Khrushchev succeeded Josef Stalin after the death of the longtime tyrant. He amnestied political prisoners, eased the state's interference in private life, and denounced Stalin's personality cult.

Berdymukhammedov "will have to undo Niyazov's personality cult, otherwise someone else will replace him," Bairam Shikhmuradov, the human rights officer of the opposition Republican Party of Turkmenistan, who lives in Moscow, told TOL.

Shikhmuradov is the son of former foreign minister Boris Shikhmuradov, who was sentenced to life imprisonment in connection with an alleged attempt on Niyazov's life in 2002. Although he described the February election as "unfair," he said, "The people have waited for freedom for too long. Freedom appeared on the scene and it would be very difficult to take it away from them [now]."

Other opposition politicians are more skeptical about Berdymukhammedov's aptitude for starting a thaw in Turkmenistan.

Parahat Yklymov, the Sweden-based acting chairman of an opposition body, the Foreign Committee of the Supreme Council of the Republic of Turkmenistan, said, "Khrushchev had great personal charisma and possessed outstanding leadership qualities. Berdymukhammedov has not been noticed as a person resembling Khrushchev in these qualities but he can prove to be such a man in the future."

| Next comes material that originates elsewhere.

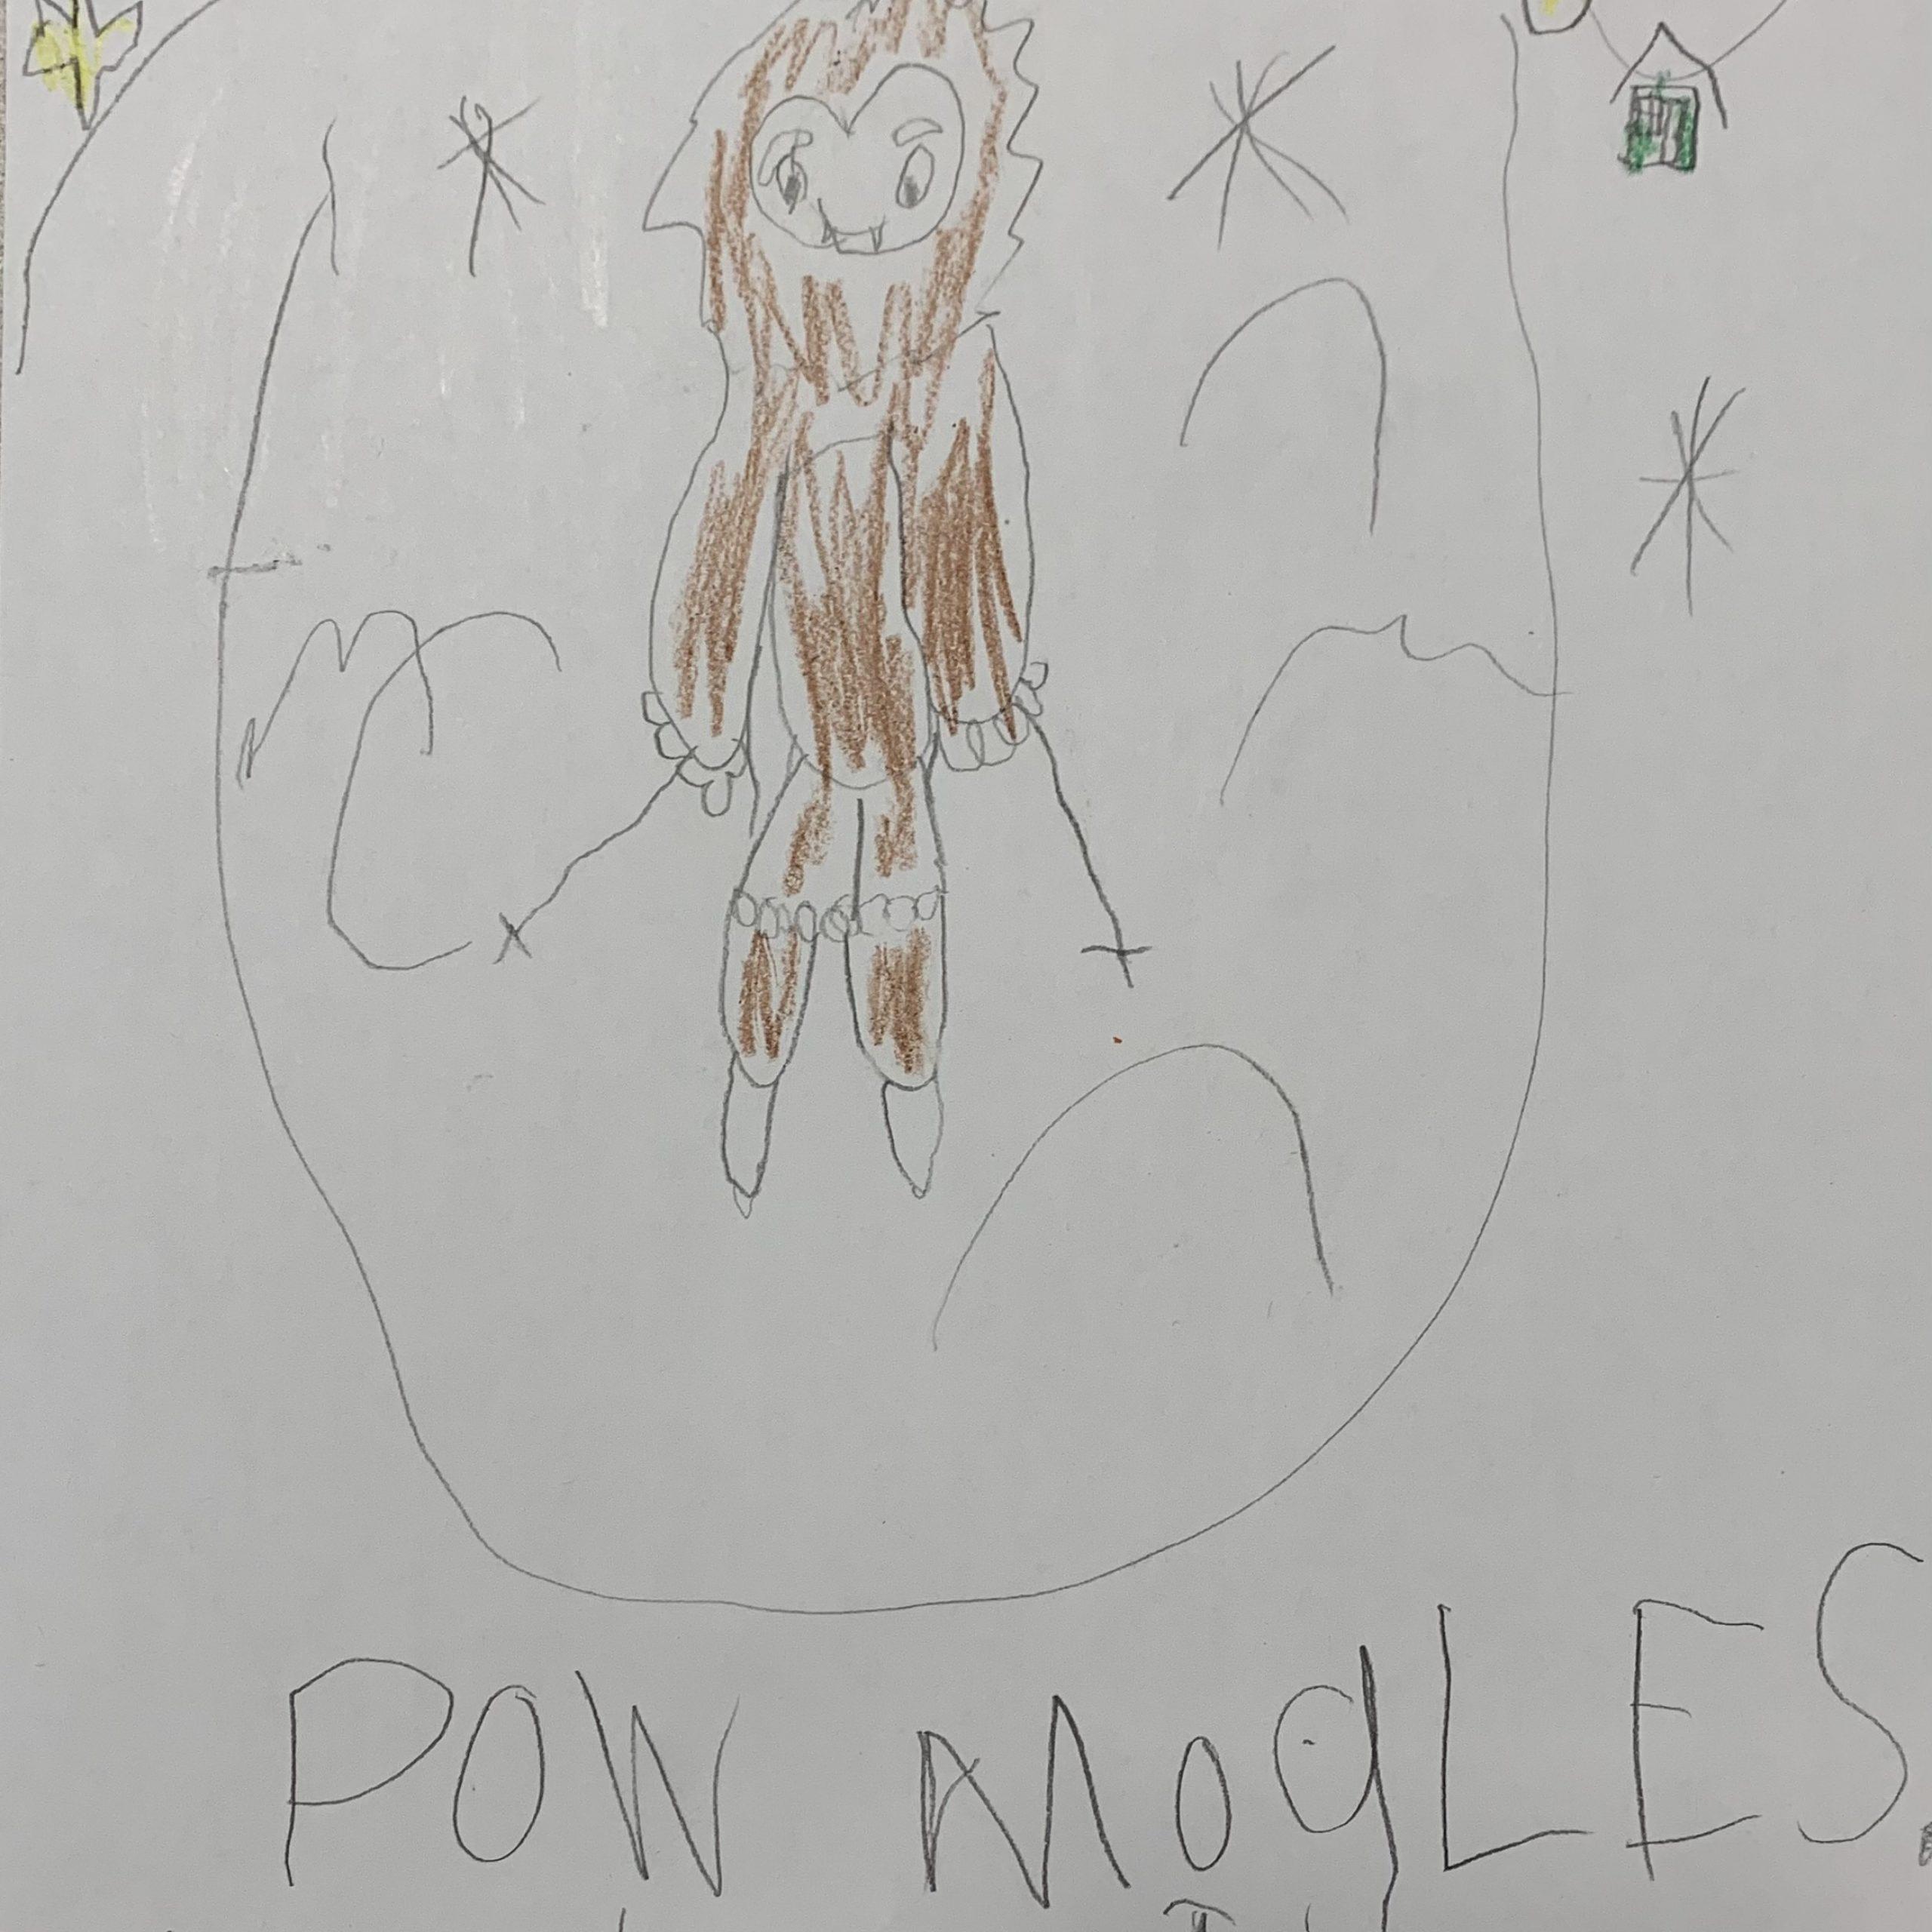 pow mogles with yeti odin m
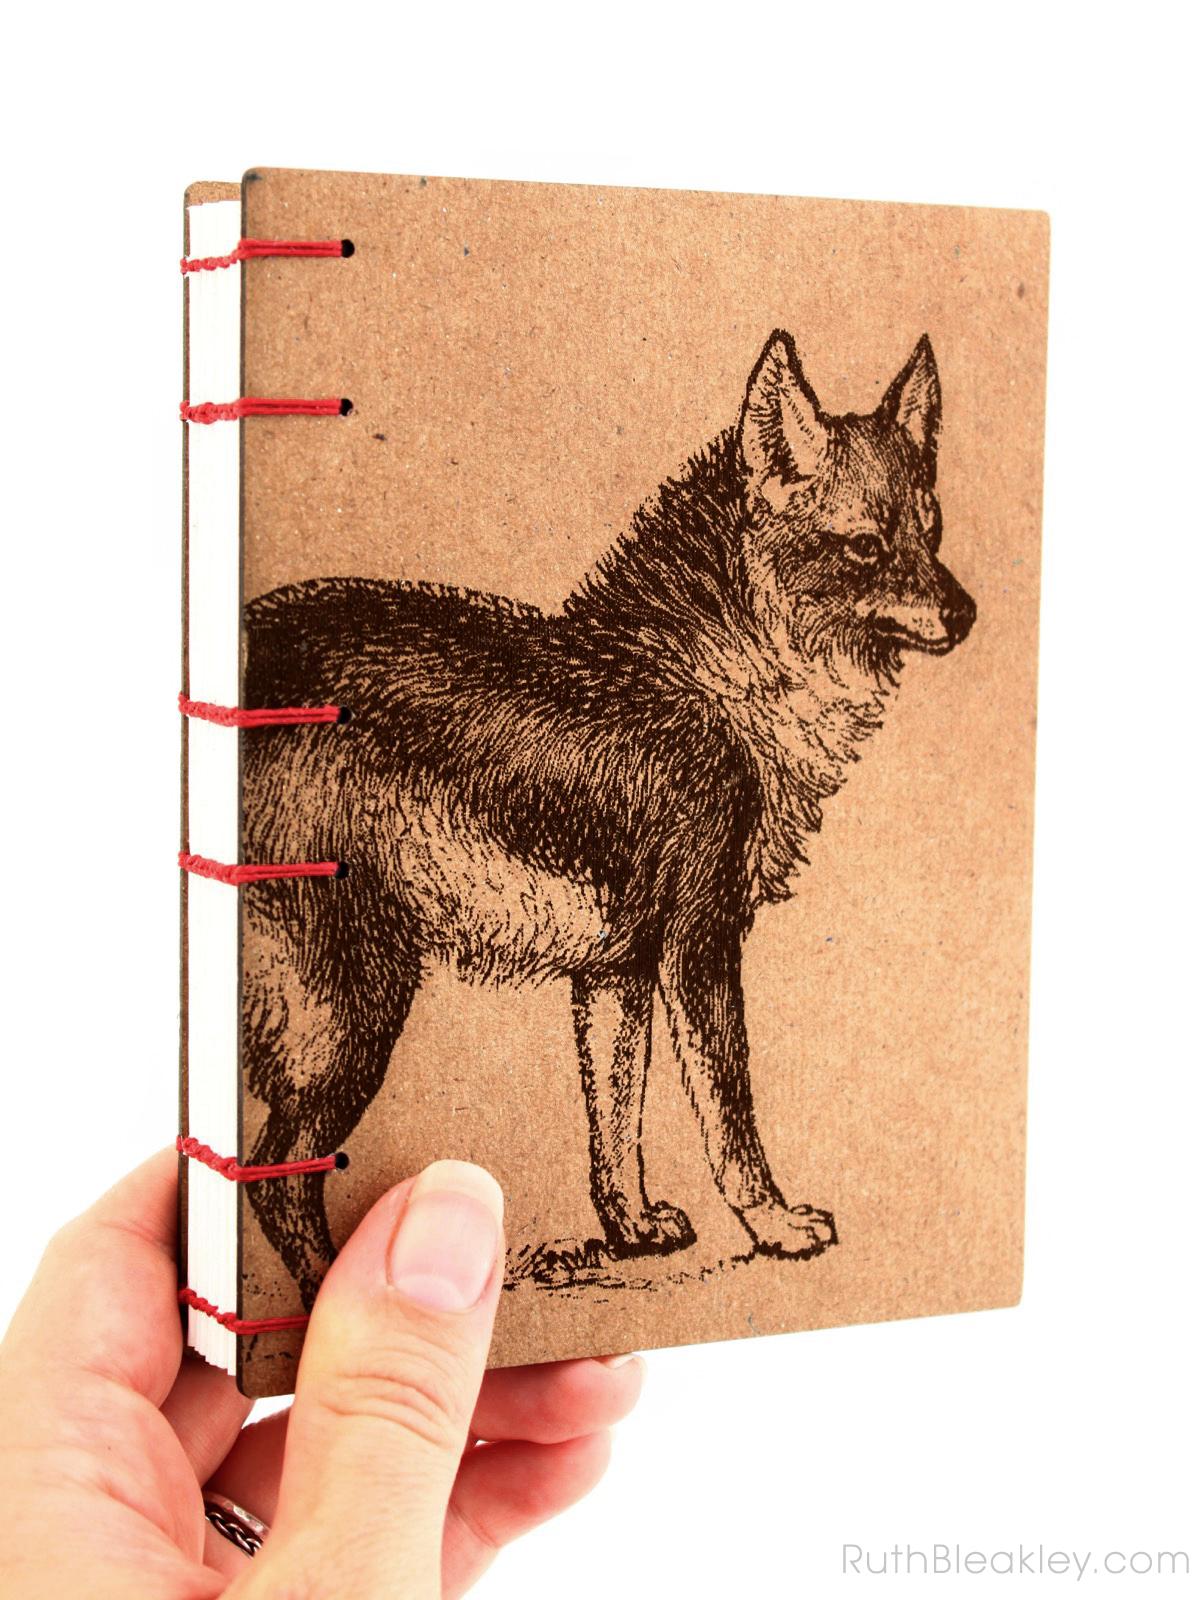 Coyote Wolf Journal handmade by American book artist Ruth Bleakley - 1

Meanwhile, Berdymukhammedov himself is trying hard not to be seen as a new Khrushchev. In an interview he gave to Turkmenistan magazine after his inauguration, he said, "Having the example of the first president of Turkmenistan, Saparmurat Turkmenbashi, it is difficult to assume that someone else can be a bigger authority in politics and the affairs of state."

FIRST STEPS
Nevertheless, as soon as he was sworn in, the new president began making changes. He signed a decree introducing compulsory 10-year education, restoring a year of schooling cut by Niyazov, and opened the first Internet cafes in Ashgabat.

But in interviews with TOL, experts were split on whether Berdymukhammedov will in fact keep his promises.